Index usage in $lookup

I’m seeing two ‘strange’ behaviours when using $lookup.

  1. Index not being used when the local field is a dot path
  2. Index not being used unless there’s a $limit stage beforehand

Both cases use the same two collections:
survey (has 3,000 documents):

{ attributes.personId: 123 }

person (has 250,000 documents):

{ attributes.personId: 123, attributes.name: "Marvin" }

attributes.personId has a unique index on it.

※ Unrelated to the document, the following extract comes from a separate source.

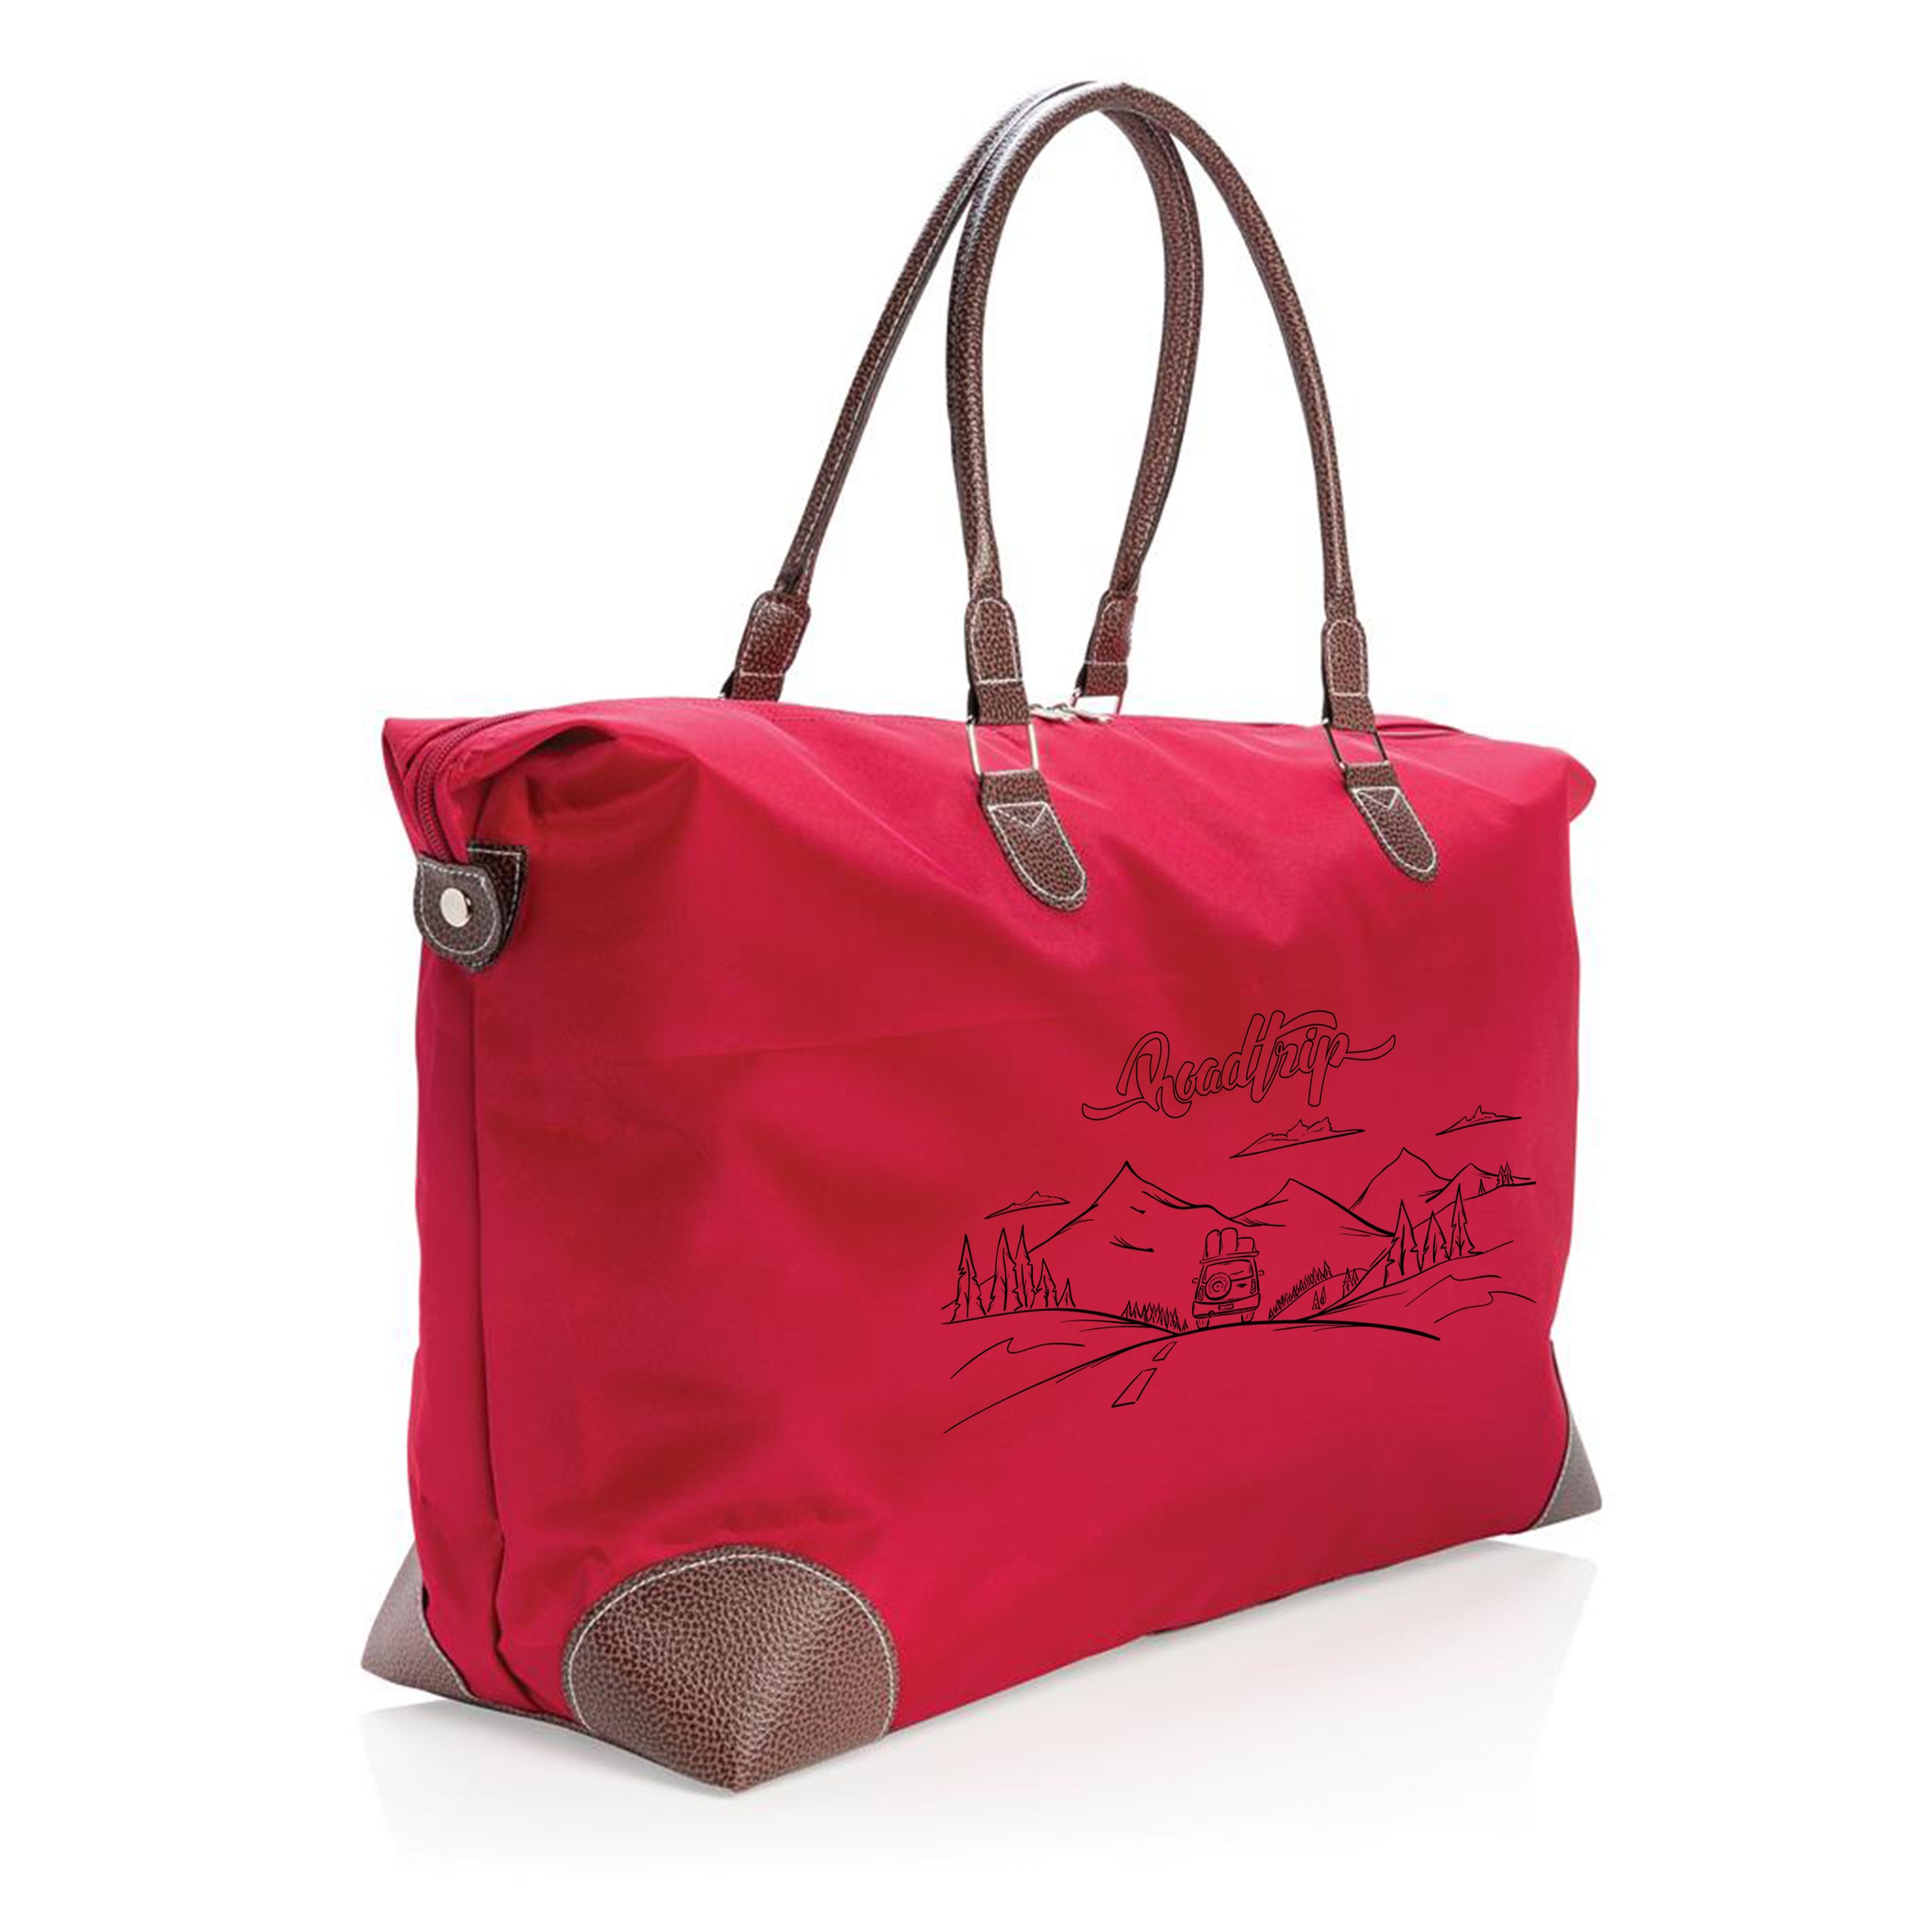 Reisetasche bedrucken mit braunen Henkeln - Beirut

1. Index not being used when local field is a dot path
When running the following pipeline on survey, the unique index isn’t used:

[
  {
    $lookup: {
      from: "person",
      localField: "attributes.personId",
      foreignField: "attributes.personId",
      as: "person"
    }
  }
]

But if I do this, it is (sort of, see point 2):

[
  {
    $project: {
      personId: "$attributes.personId"
    }
  },
  {
    $lookup: {
      from: "person",
      localField: "personId",
      foreignField: "attributes.personId",
      as: "person"
    }
  }
]

2. Index not being used unless there’s a $limit stage beforehand
Even with the $project the index isn’t used unless I put a $limit stage beforehand:

[
  {
    $project: {
      personId: "$attributes.personId"
    }
  },
  { $limit: 50000 },
  {
    $lookup: {
      from: "person",
      localField: "personId",
      foreignField: "attributes.personId",
      as: "person"
    }
  }
]

Now, the unique index is used and the query flies along.

The index isn’t used with localField: "attributes.personId" even with the $limit stage.

Is this all expected behaviour?!

(Note: I want to use this query periodically to get names into the surveys so I’m not using lookups all the time when querying)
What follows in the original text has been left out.